Monday, July 25, 2005

Because I don't have nearly enough debt in my life...

I'm beginning to consider attempting to buy a house. I say attempt because I really don't see any way I'll succeed; my credit is so horrendous the Book of the Month Club put a restraining order on me to stop me from contacting them. I'm currently making payments on an imaginary house, aka a student loan, but I thought it would be fun to make payments on a house I could actually live in. It won't be anywhere near as nice as my imaginary one, which is big and purple and self-cleaning and smells like cotton candy, but we gotta take what we can get, right?

Currently we rent from a psychotic redneck who lets vagrants sleep in the space downstairs and comes up on our deck to jump up and down and scream and threaten to evict us when a couple of rocks get moved in the yard. I swear I'm not making that up. So a new domicile is very much desired.

I've never tried to buy a house before. Heck, I've never even had a car loan; every piece of crap car I've ever owned was a cash purchase. So I'm not sure what's involved. I think we go talk to someone named Connie at a place called The Mortgage Company Most Holy, and we make the proper sacrifices and display the proper humility, and then Connie (who is but a Neophyte) will go and bow unto the High Priestess Joan on our behalf, and if Joan deems we are Worthy she will grant us a set amount of Lucre (0% down, hopefully, with a fixed interest rate and cash back at closing) with which to purchase a Place of Residence. If we are deemed Not Worthy I'm not sure what happens. We don't get a house, obviously, and I think there's a flaying in there somewhere, too.

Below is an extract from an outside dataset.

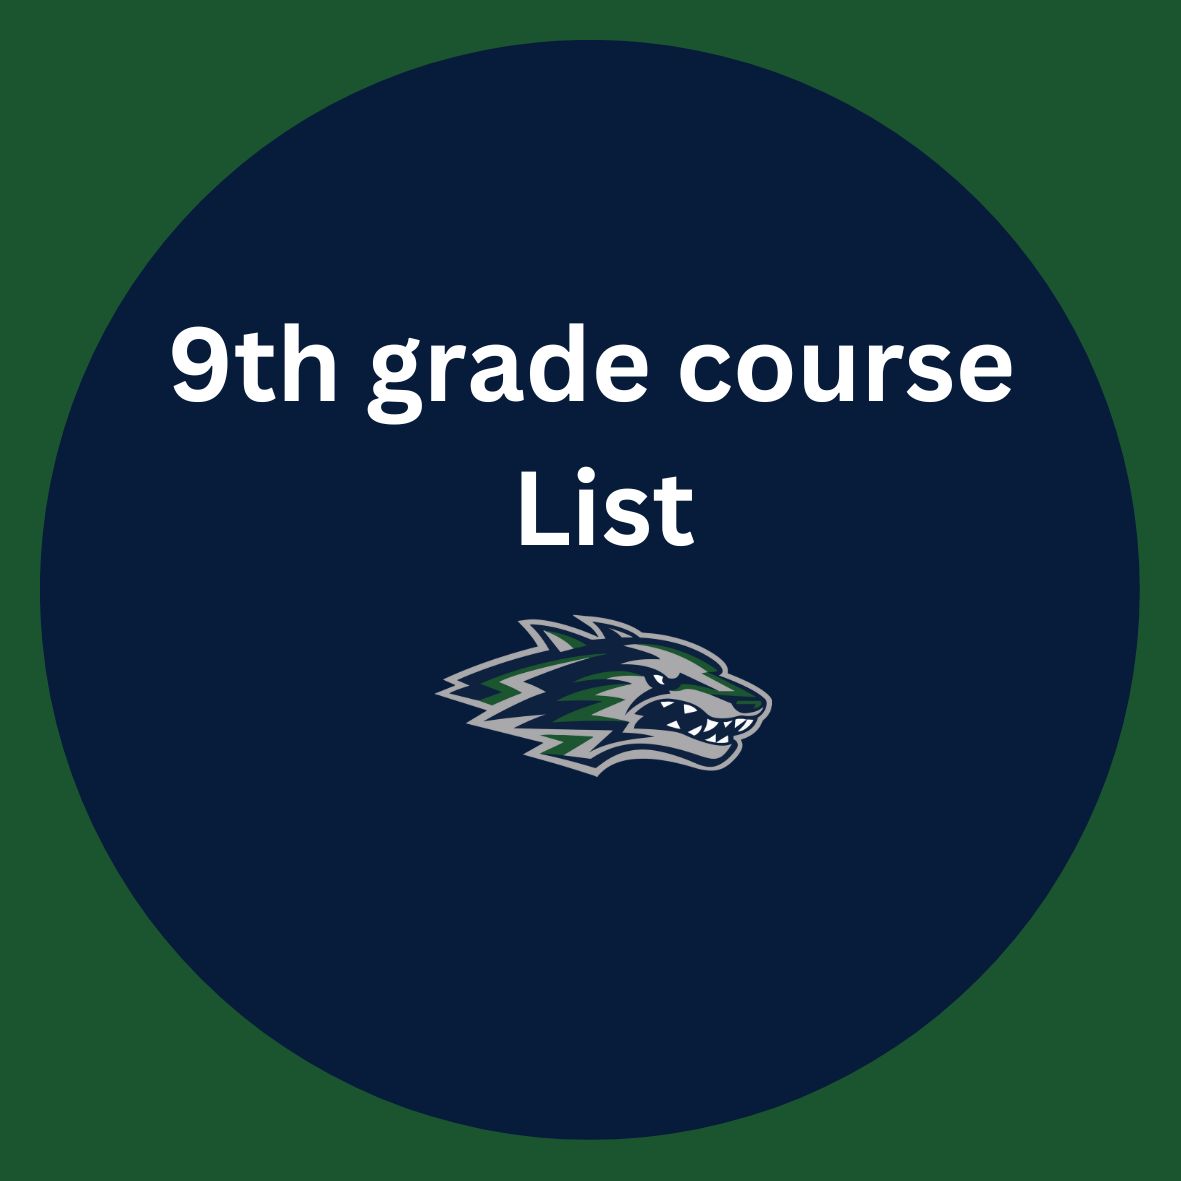 9th grade course list

I would like a nice little farmhouse out in the country. I don't want an actual farm, because farms usually have livestock and I've seen livestock before, they stink. The only animals I want on the place are a dog, a cat, and some chickens. For eggs, you know. Protein and whatnot. My husband wants geese and guinea fowl, because they make much better watchdogs than, well, than dogs. Plus there's all the potential hilarity when we see a burglar in panicked flight across the yard with a honking gander in hot pursuit. That's comedy gold, that is. I want a little vegetable garden, and I may try to grow some flowers, but my usual technique with flowers results in "death" rather than "beauty" so I may grow a rock garden instead.

Right now I'd say I have about a 90/10 chance against getting any kind of home loan. Still, I know people who've declared bankruptcy multiple times and they manage to get financing for cars, houses, you name it. I pay my rent on time every month; I'd much rather apply that money to MY house, instead of psycho redneck landlord's house. Worth a try, I suppose. Wish me luck.